As models progress from 1 to 22, they systematically conquer benchmarks. Once a benchmark like MGSM or MATH approaches the 100% ceiling, it loses its utility for differentiating advanced models, necessitating the introduction of harder tests like AIME 2024/2025.
The severe dips at Models 10 and 13 for AIME 2024 and MathVista are notable anomalies. Reading between the lines, these "Model Numbers" likely do not represent a strict, single-lineage chronological release (e.g., GPT-1 to GPT-4). Instead, they likely represent a mix of different model families, sizes, or architectures plotted on a general timeline of release. Models 10 and 13 might be smaller, more efficient models, or models not specifically trained on the reasoning required for AIME or the visual components required for MathVista, resulting in lower scores compared to their immediate predecessors.

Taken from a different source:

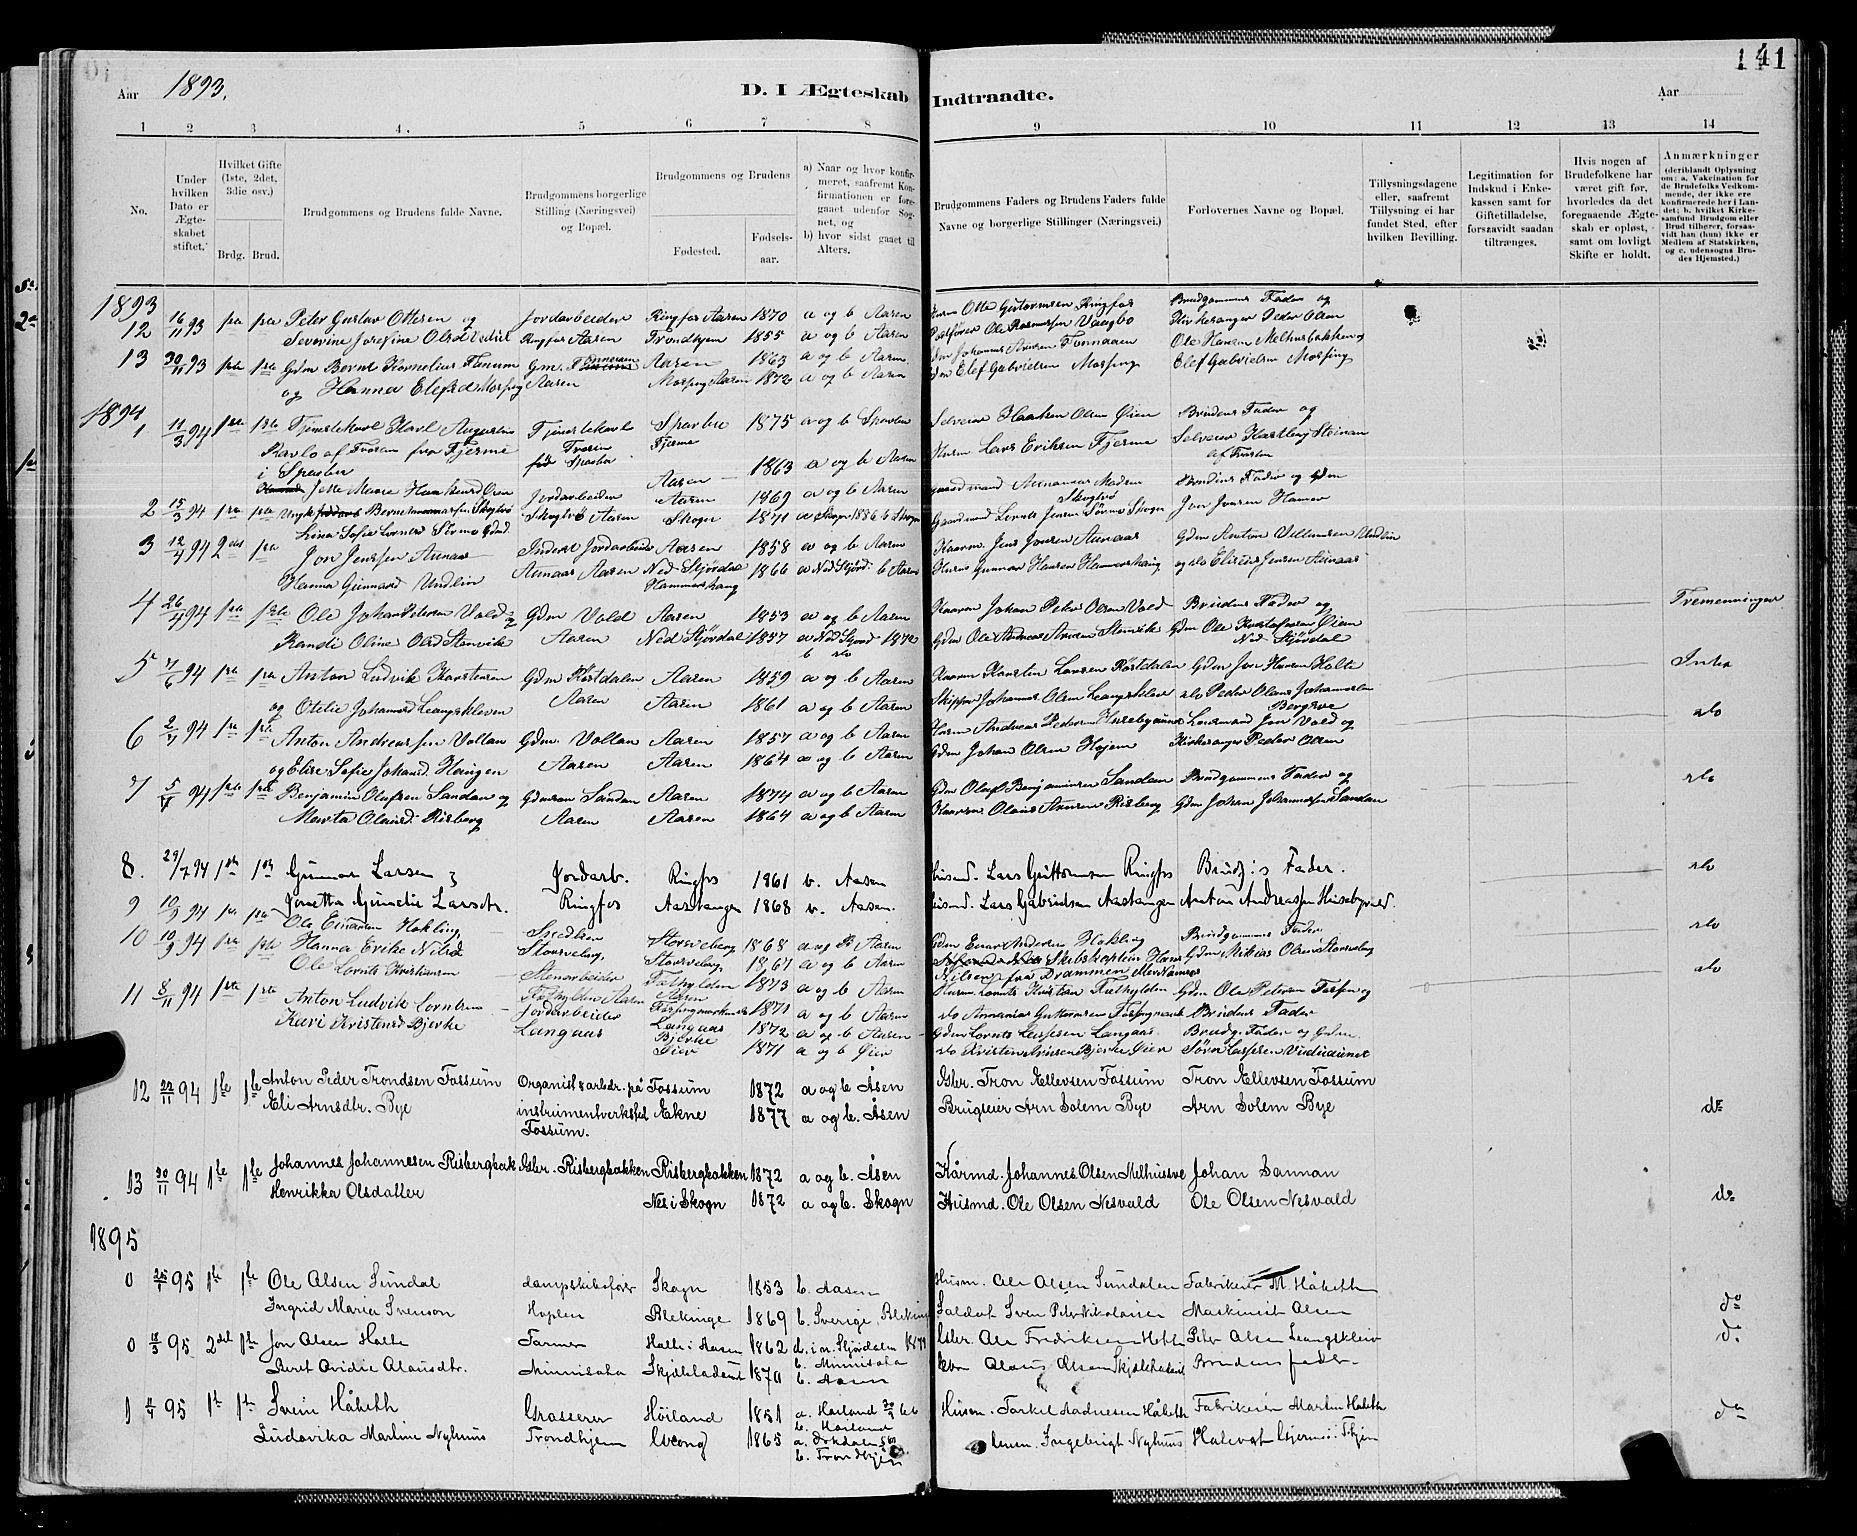 SAT, Ministerialprotokoller, klokkerbøker og fødselsregistre - Nord-Trøndelag, 714/L0134: Klokkerbok nr. 714C03, 1878-1898, s. 141

Finally, the introduction of "FrontierMath, Tier 1-3" highlights the current edge of AI research. While Models 20-22 can perfectly solve AIME 2025, they struggle immensely with FrontierMath, indicating that this specific benchmark is currently the primary metric for measuring future mathematical reasoning advancements in AI.